Blitz Bureau
NEW DELHI: When Prime Minister Narendra Modi’s Government declared India the world’s second-largest mobile phone manufacturer, the announcement was greeted with justified pride.
In a decade, the country had moved from importing 75 per cent of its handsets to barely importing any at all. The value of mobile production has surged from ₹18,900 crore in 2014 to ₹4,22,000 crore in 2024. Apple’s suppliers alone shipped iPhones worth $12.8 billion from Indian shores in 2024 — a 42 per cent rise in a single year.

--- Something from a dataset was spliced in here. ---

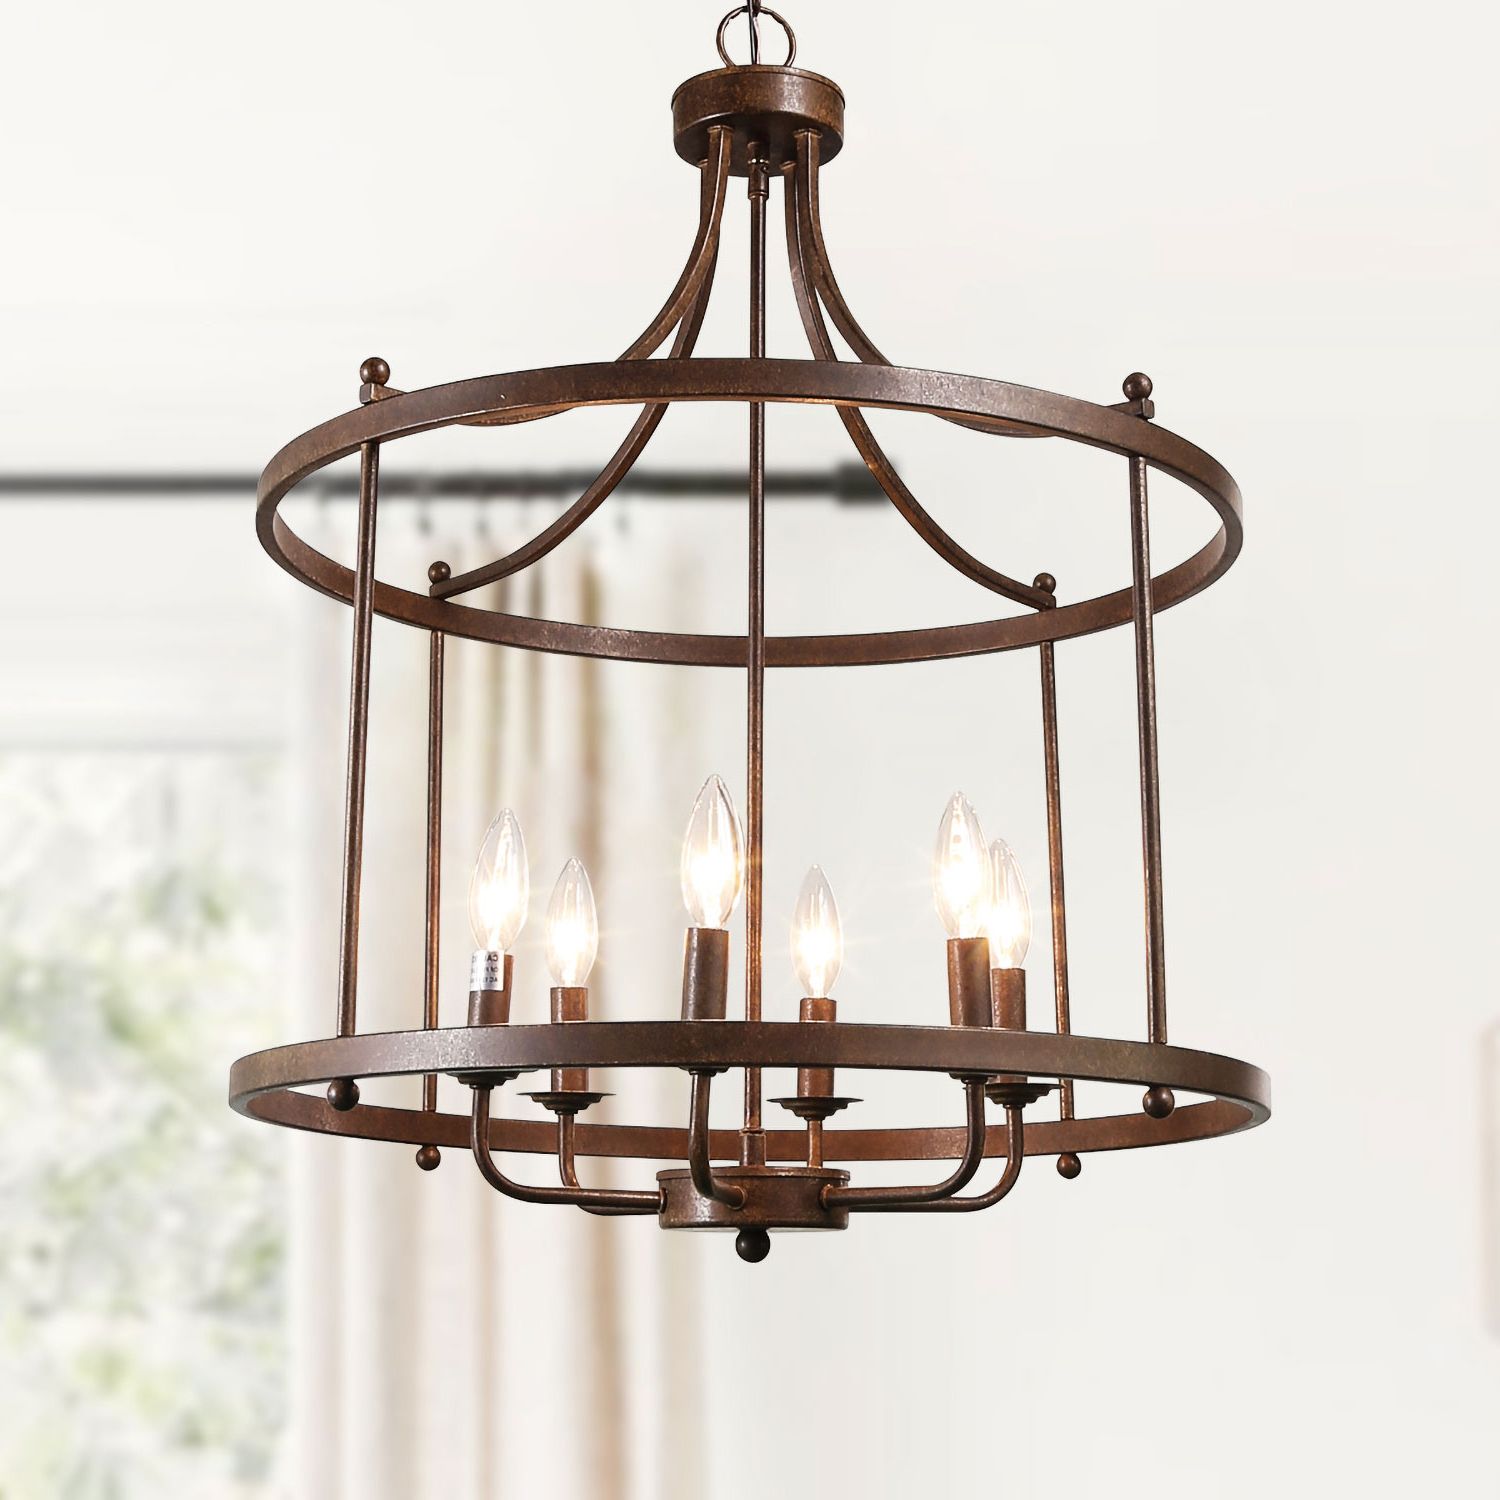 2019 Lnc Mocha 6 Light Antique Rust Bronze Drum Rustic Cage Led Chandelier In  The Chandeliers Department At Lowes Intended For Rusty Gold Lantern Chandeliers (View 10 of 15)

Foxconn invested ₹9,100 crore, overtaking its own Government target. By September 2025, India had overtaken China as the top smartphone exporter to the United States, with a staggering 240 per cent jump in volumes.

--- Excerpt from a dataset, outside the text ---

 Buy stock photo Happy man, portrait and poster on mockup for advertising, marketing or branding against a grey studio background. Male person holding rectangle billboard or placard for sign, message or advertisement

These are extraordinary achievements. But they are, in a phrase that is becoming uncomfortably familiar among industry insiders, a hollow boom.
The production model remains essentially one of final assembly — what the industry calls ‘box-building’. India screws together phones, packages them, and ships them. But the brain of every device – the semiconductor chipset – is designed elsewhere and fabricated elsewhere.
The display, the camera sensor, the advanced printed circuit board: All imported, predominantly from China. Of every rupee of value in a smartphone made in India, only 23 paise of genuine value is actually added here. The rest belongs to foreign supply chains.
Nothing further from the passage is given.